◆ Data shown ◆
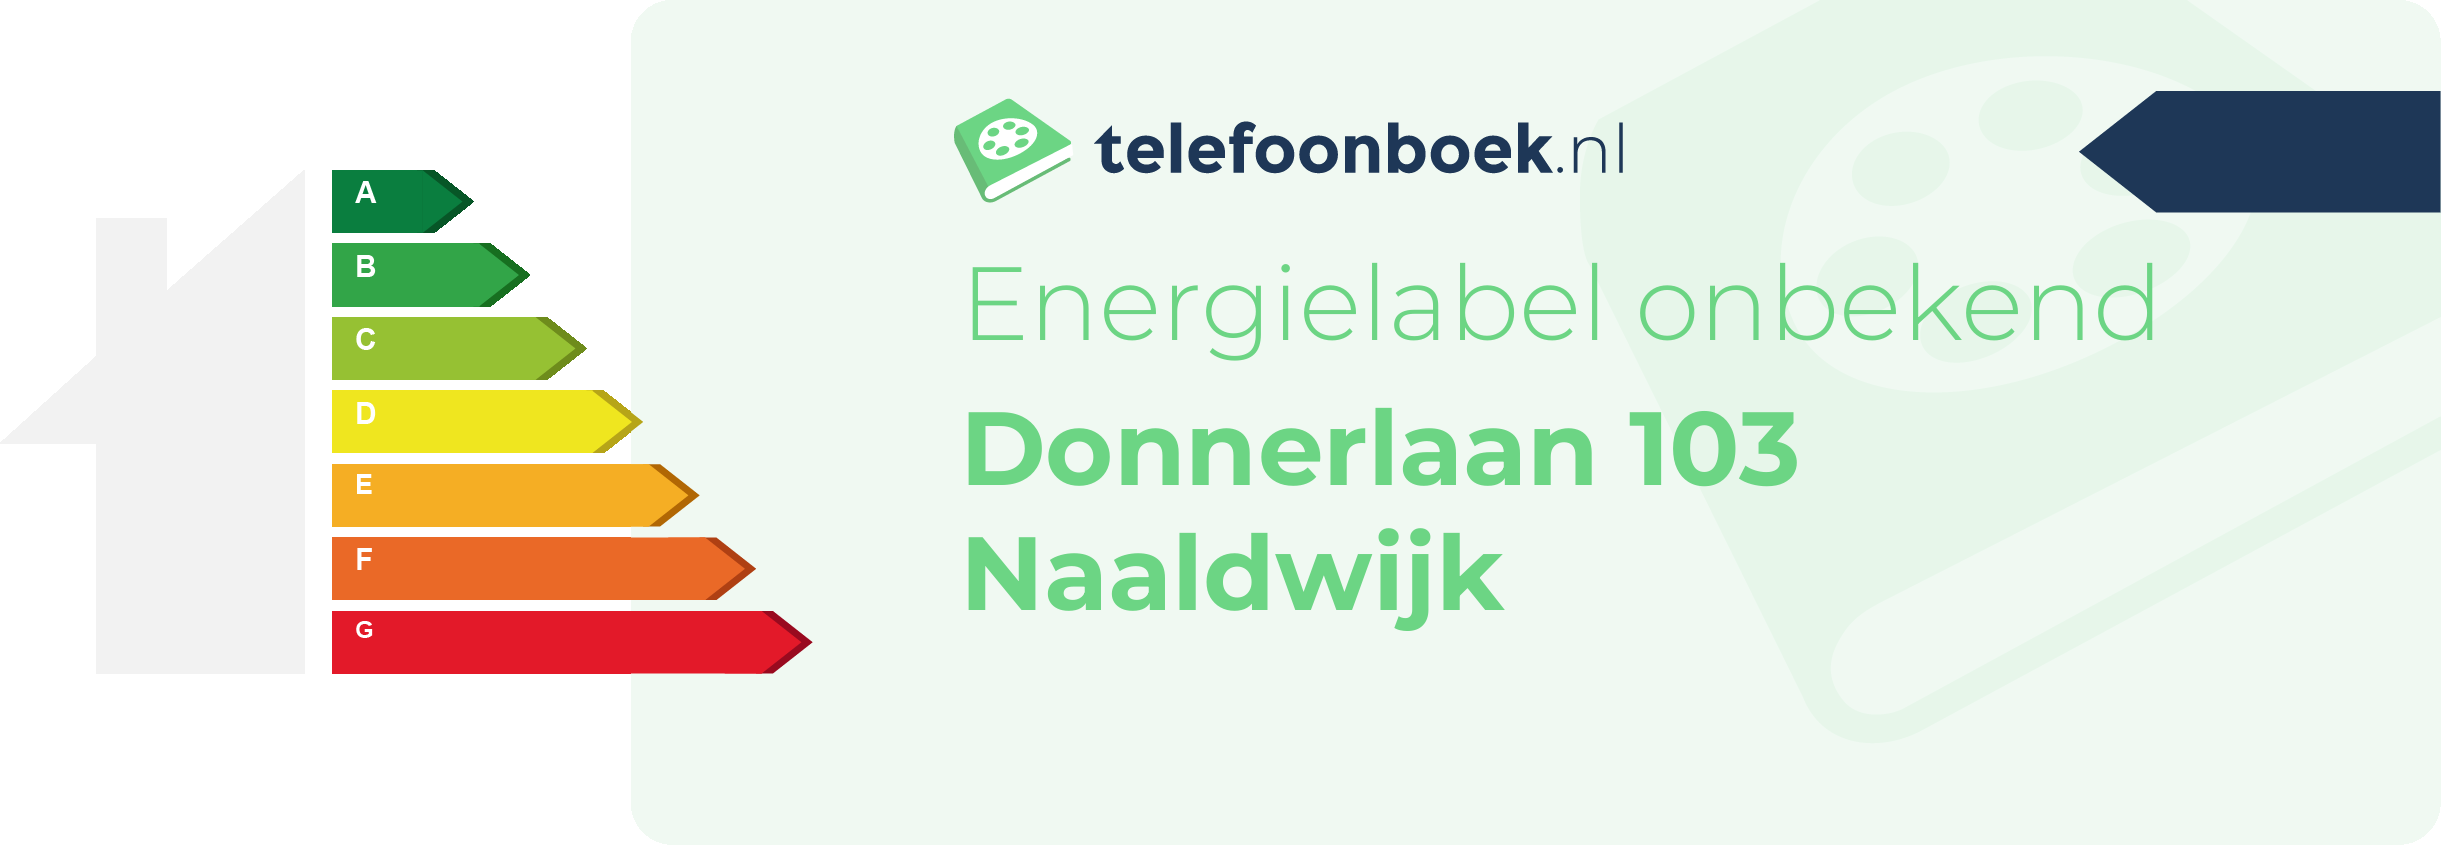 Energielabel Donnerlaan 103 Naaldwijk
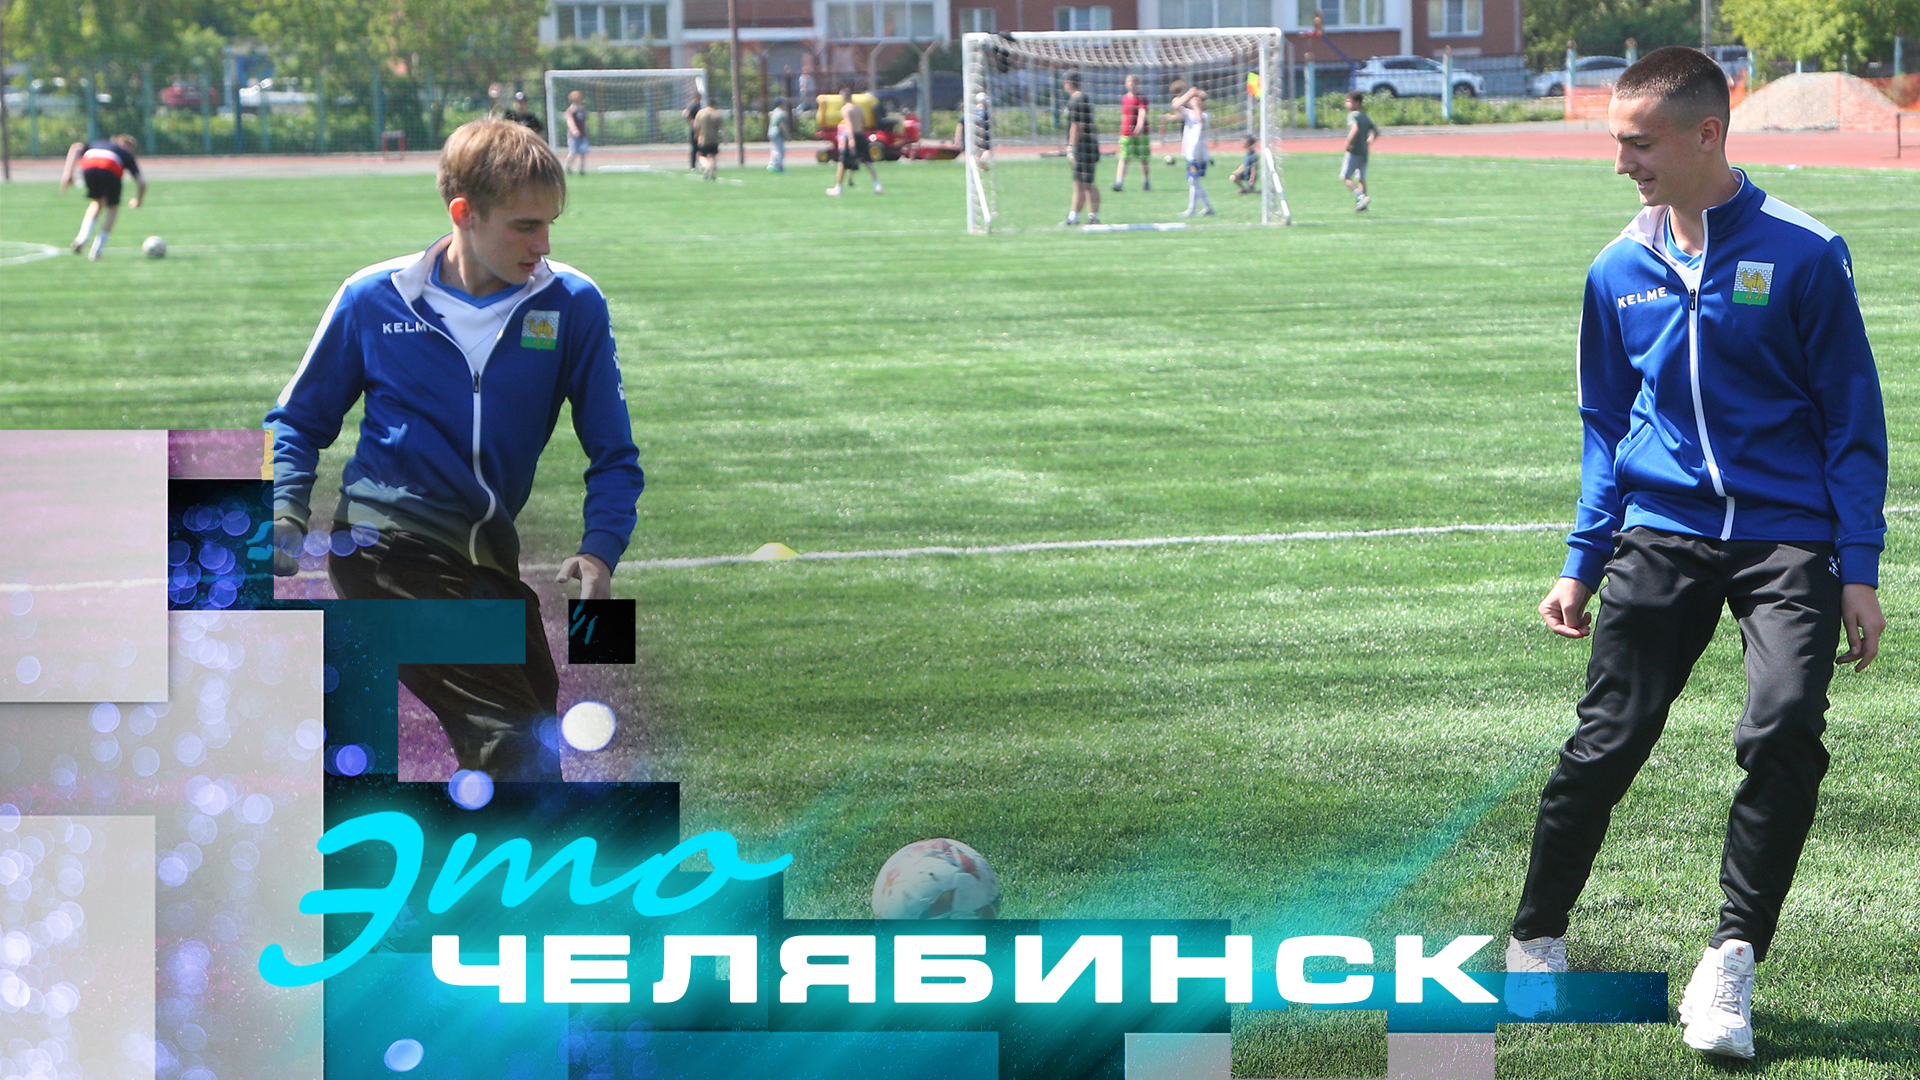 Это Челябинск: бесплатные тренировки по футболу, обновление стадиона "Лидер"
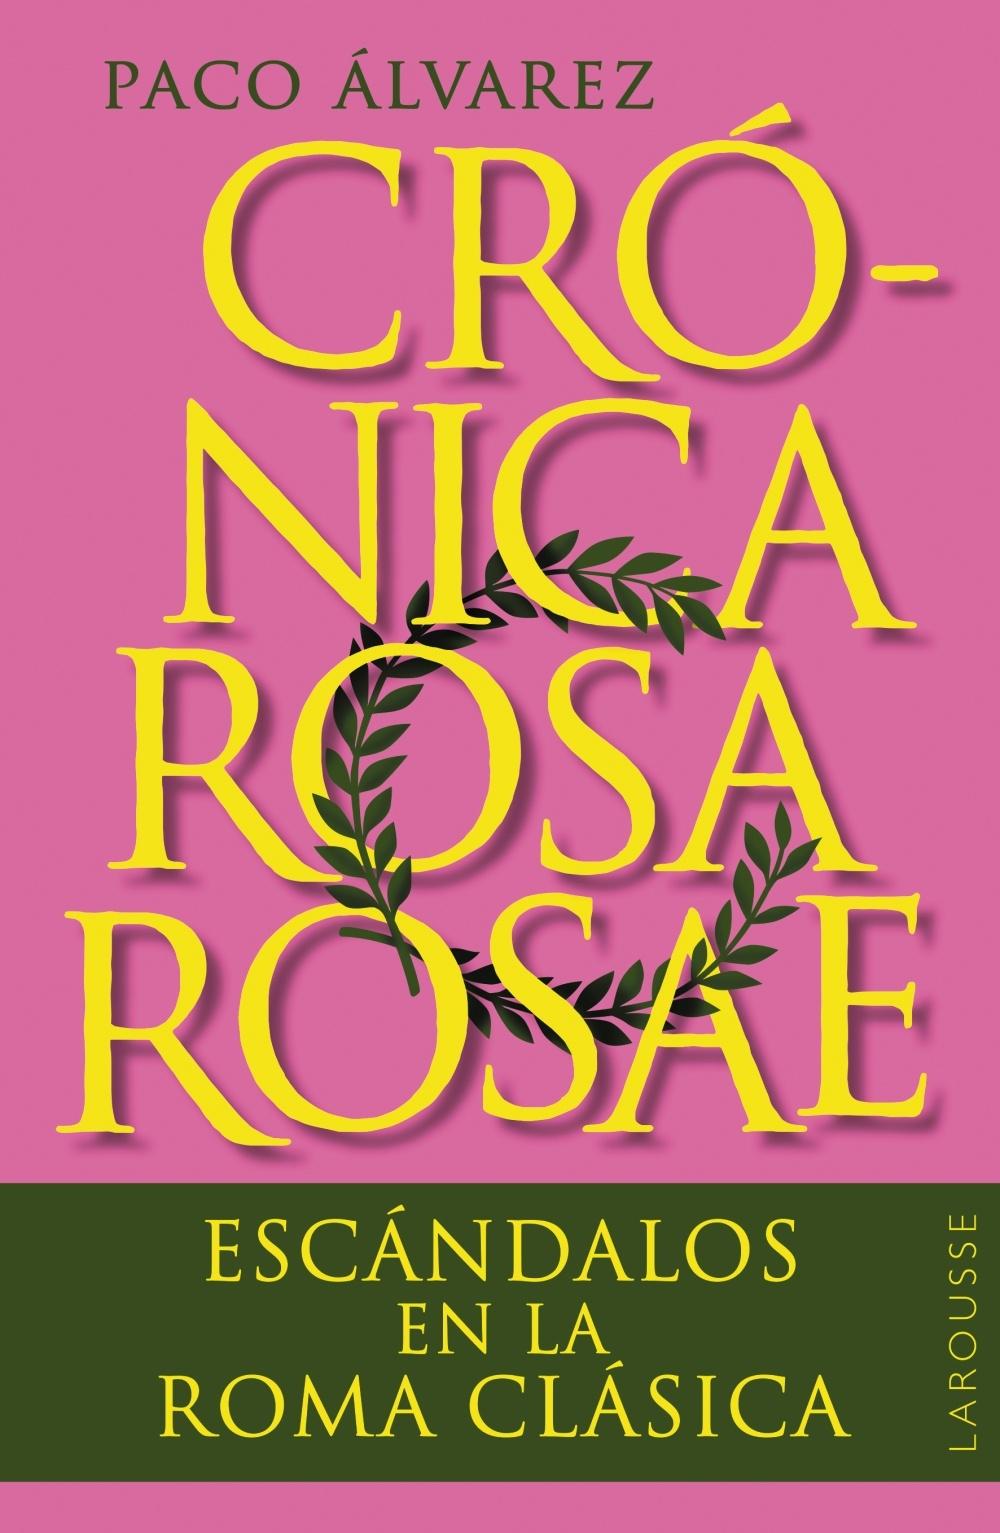 Crónica Rosa Rosae "Escándalos en la Roma Clásica"

◆ Problem description ◆
Would you write out the material above in full, exactly as given, except for its pictures?

◆ Solution to this problem ◆
 Energielabel Donnerlaan 103 Naaldwijk
 Это Челябинск: бесплатные тренировки по футболу, обновление стадиона "Лидер"
 Crónica Rosa Rosae "Escándalos en la Roma Clásica"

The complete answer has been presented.